Generate Bilingual Text-to-Speech with Fish Speech Cognitive Actions

23 Apr 2025
Generate Bilingual Text-to-Speech with Fish Speech Cognitive Actions

In today's digital landscape, the ability to convert text into natural-sounding speech is increasingly valuable. The Fish Speech Cognitive Actions, from the spec titled "jichengdu/fish-speech," enables developers to harness the power of advanced text-to-speech technology. Utilizing the Fish Speech V1.5 model, this action provides high-quality, bilingual speech generation that eliminates phoneme dependency, making it a versatile tool for various applications.

Prerequisites

To successfully use the Fish Speech Cognitive Actions, you'll need to set up a few key elements:

  • API Key: Ensure you have a valid API key for authenticating your requests to the Cognitive Actions platform.
  • Endpoint Access: You'll need to know the endpoint where the Cognitive Actions are accessible.

Authentication generally involves passing your API key in the request headers to authorize your access to the service.

Cognitive Actions Overview

Generate Speech with Fish Speech

The Generate Speech with Fish Speech action allows you to transform text into speech using the advanced capabilities of the Fish Speech model. This action is particularly useful for applications that require multilingual support and high-quality audio output.

  • Category: Text-to-Speech
  • Purpose: Convert text input into a speech output, with options for compilation optimization and reference audio.

Input

The input schema for this action requires the following fields:

  • text (required): The text that you want to convert into speech.
    Example: "我的猫猫就是全世界最好的猫"
  • useCompile (optional): A boolean flag indicating whether to use compilation optimization. Defaults to true if not specified.
  • referenceText (optional): Text content corresponding to the reference audio.
  • referenceAudio (optional): A URI of the reference audio file.

Example Input:

{
  "text": "我的猫猫就是全世界最好的猫",
  "useCompile": true
}

Output

The output of this action typically returns a URI pointing to the generated audio file.
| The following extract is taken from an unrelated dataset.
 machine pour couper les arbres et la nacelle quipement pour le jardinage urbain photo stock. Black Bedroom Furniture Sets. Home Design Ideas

This allows you to access and play the synthesized speech directly.

Example Output:

"https://assets.cognitiveactions.com/invocations/0ca91503-5e6a-43ab-8c89-90f226a3fd30/962e9c8b-0e74-4fa9-8483-075ad15ee35c.wav"
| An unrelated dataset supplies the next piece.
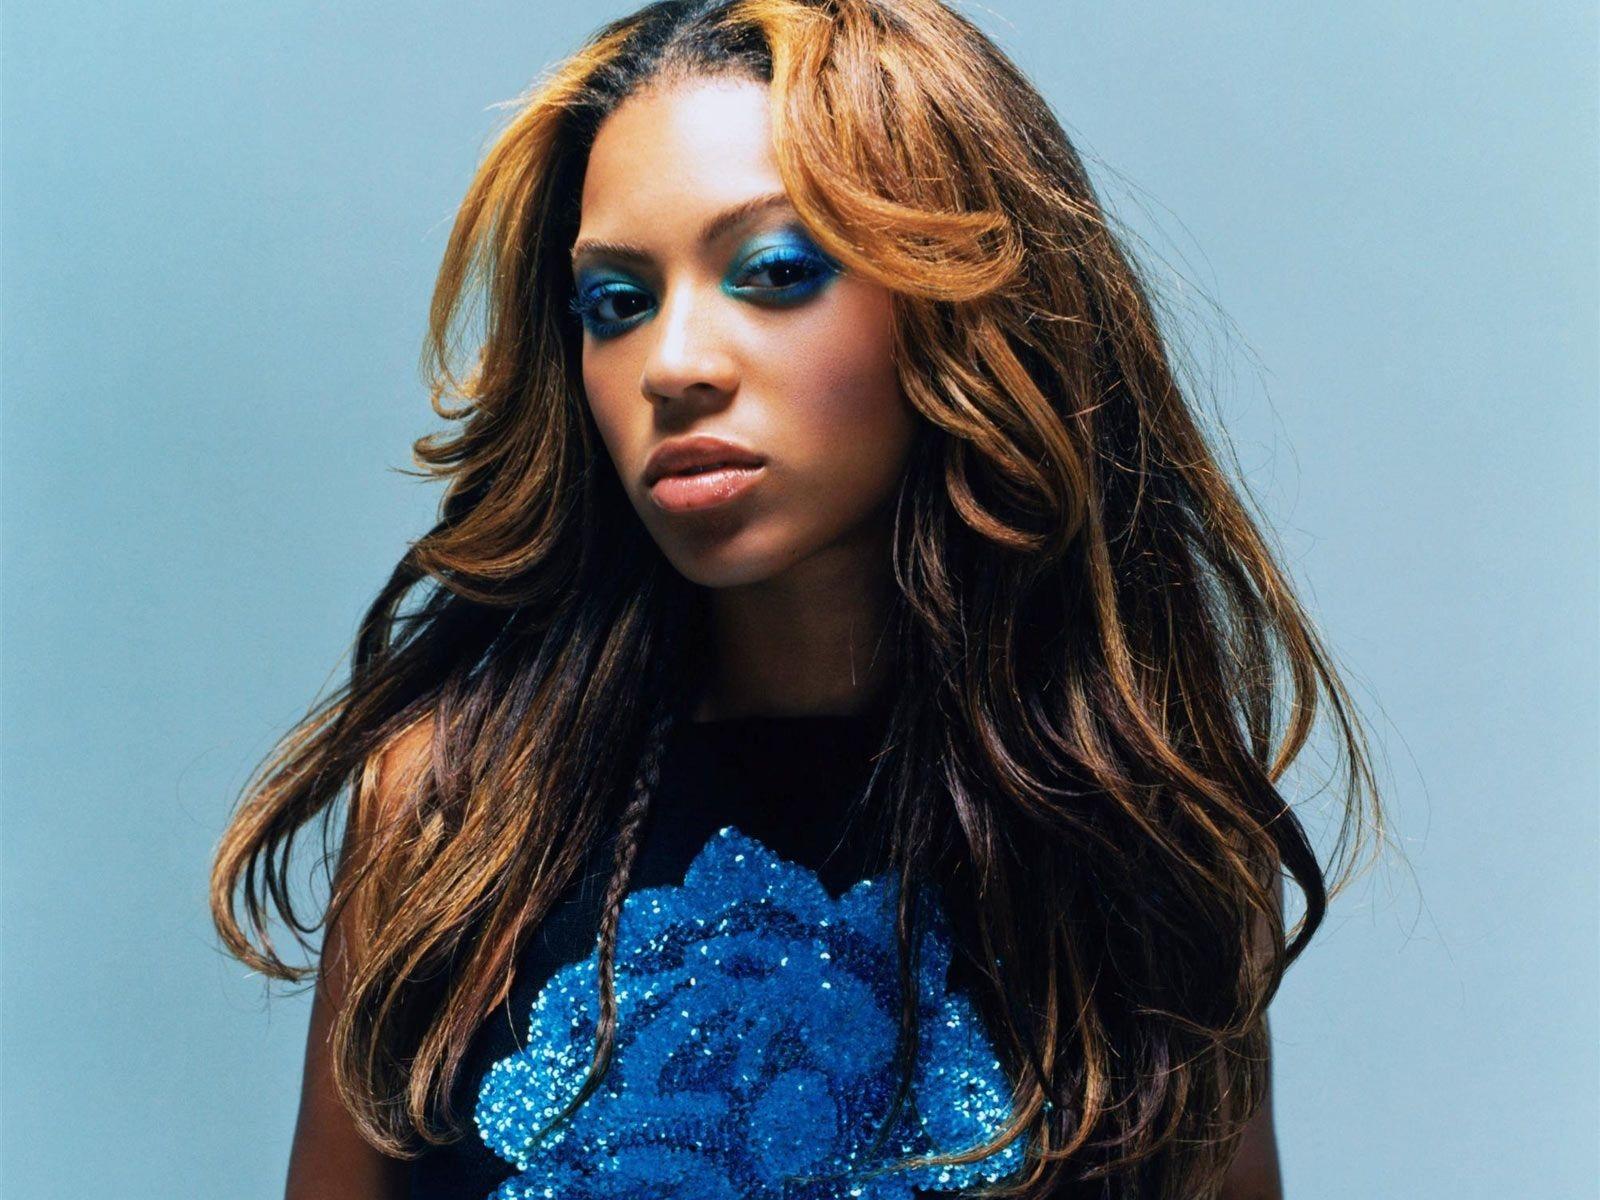 Wallpaper di Beyoncé Knowles 8

Conceptual Usage Example (Python)

Here’s how you might call the Generate Speech action using Python:

import requests
import json

# Replace with your Cognitive Actions API key and endpoint
COGNITIVE_ACTIONS_API_KEY = "YOUR_COGNITIVE_ACTIONS_API_KEY"
COGNITIVE_ACTIONS_EXECUTE_URL = "https://api.cognitiveactions.com/actions/execute"  # Hypothetical endpoint

action_id = "e9a3dc39-e1be-4b71-addc-25e7c83cab11"  # Action ID for Generate Speech with Fish Speech

# Construct the input payload based on the action's requirements
payload = {
    "text": "我的猫猫就是全世界最好的猫",
    "useCompile": True
}

headers = {
    "Authorization": f"Bearer {COGNITIVE_ACTIONS_API_KEY}",
    "Content-Type": "application/json"
}

try:
    response = requests.post(
        COGNITIVE_ACTIONS_EXECUTE_URL,
        headers=headers,
        json={"action_id": action_id, "inputs": payload}  # Hypothetical structure
    )
    response.raise_for_status()  # Raise an exception for bad status codes (4xx or 5xx)
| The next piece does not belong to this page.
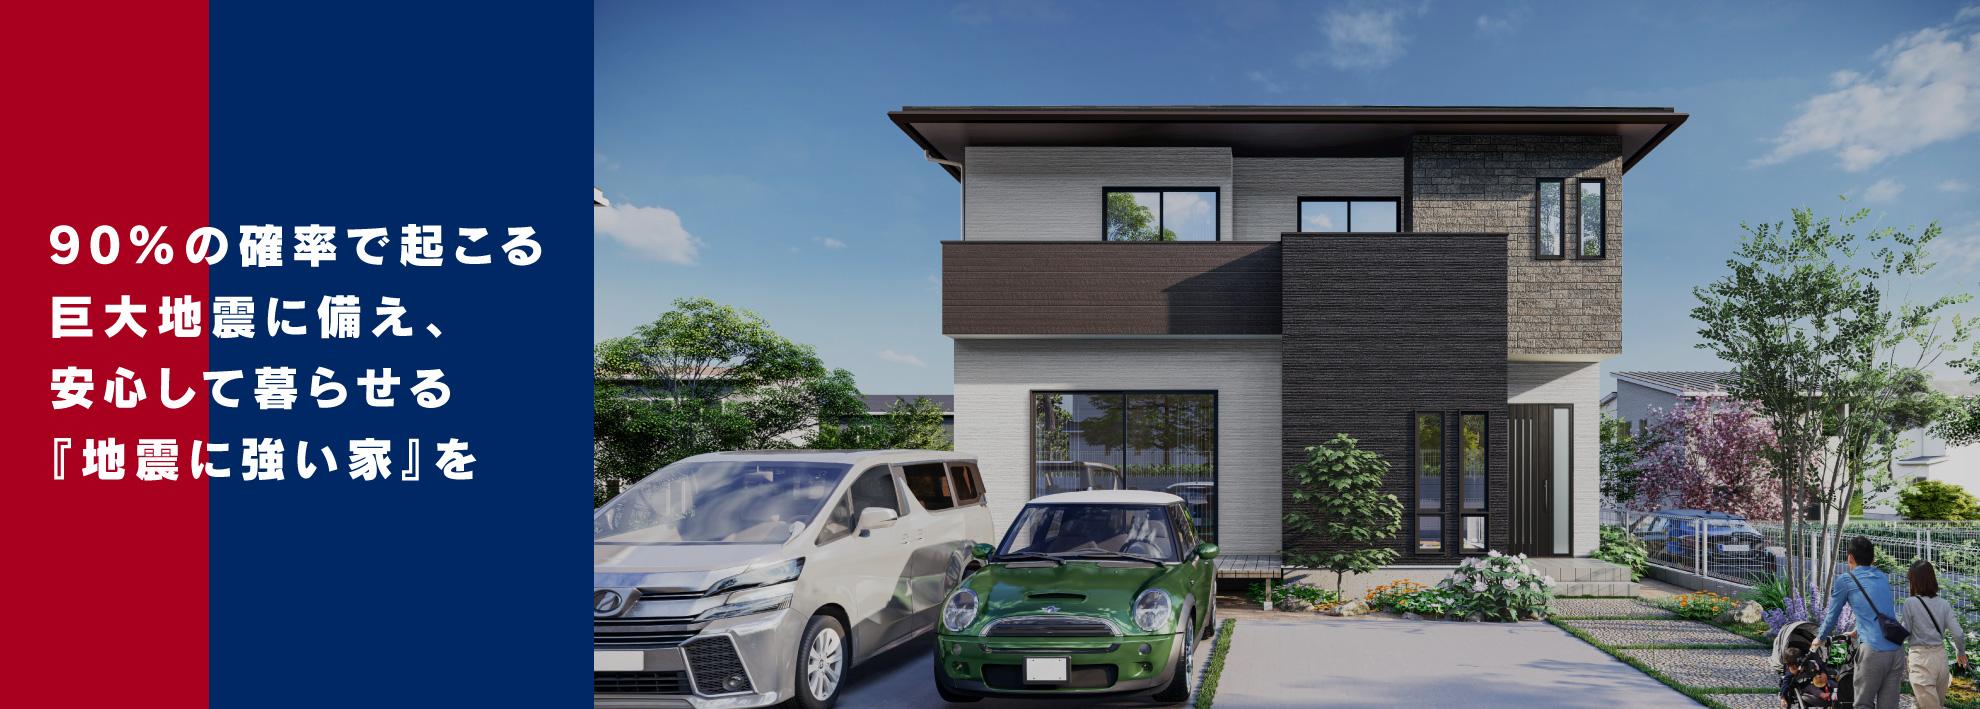 90%の確率で来る巨大地震に備え安心して暮らせる地震に強い家を。

    result = response.json()
    print("Action executed successfully:")
    print(json.dumps(result, indent=2))

except requests.exceptions.RequestException as e:
    print(f"Error executing action {action_id}: {e}")
    if e.response is not None:
        print(f"Response status: {e.response.status_code}")
        try:
            print(f"Response body: {e.response.json()}")
        except json.JSONDecodeError:
            print(f"Response body: {e.response.text}")

In the code above, you will need to replace YOUR_COGNITIVE_ACTIONS_API_KEY with your actual API key. The action ID is set to the value corresponding to the Generate Speech action, and the input payload is structured according to the required schema. The endpoint URL and request structure are illustrative, serving as a guide for your implementation.

Conclusion

The Fish Speech Cognitive Actions provide a robust solution for developers looking to integrate high-quality text-to-speech capabilities into their applications. With the ability to handle bilingual text and produce natural-sounding speech without phoneme constraints, you can create engaging and accessible user experiences. To explore further, consider experimenting with other features of the Fish Speech model or integrating additional functionalities into your projects. Happy coding!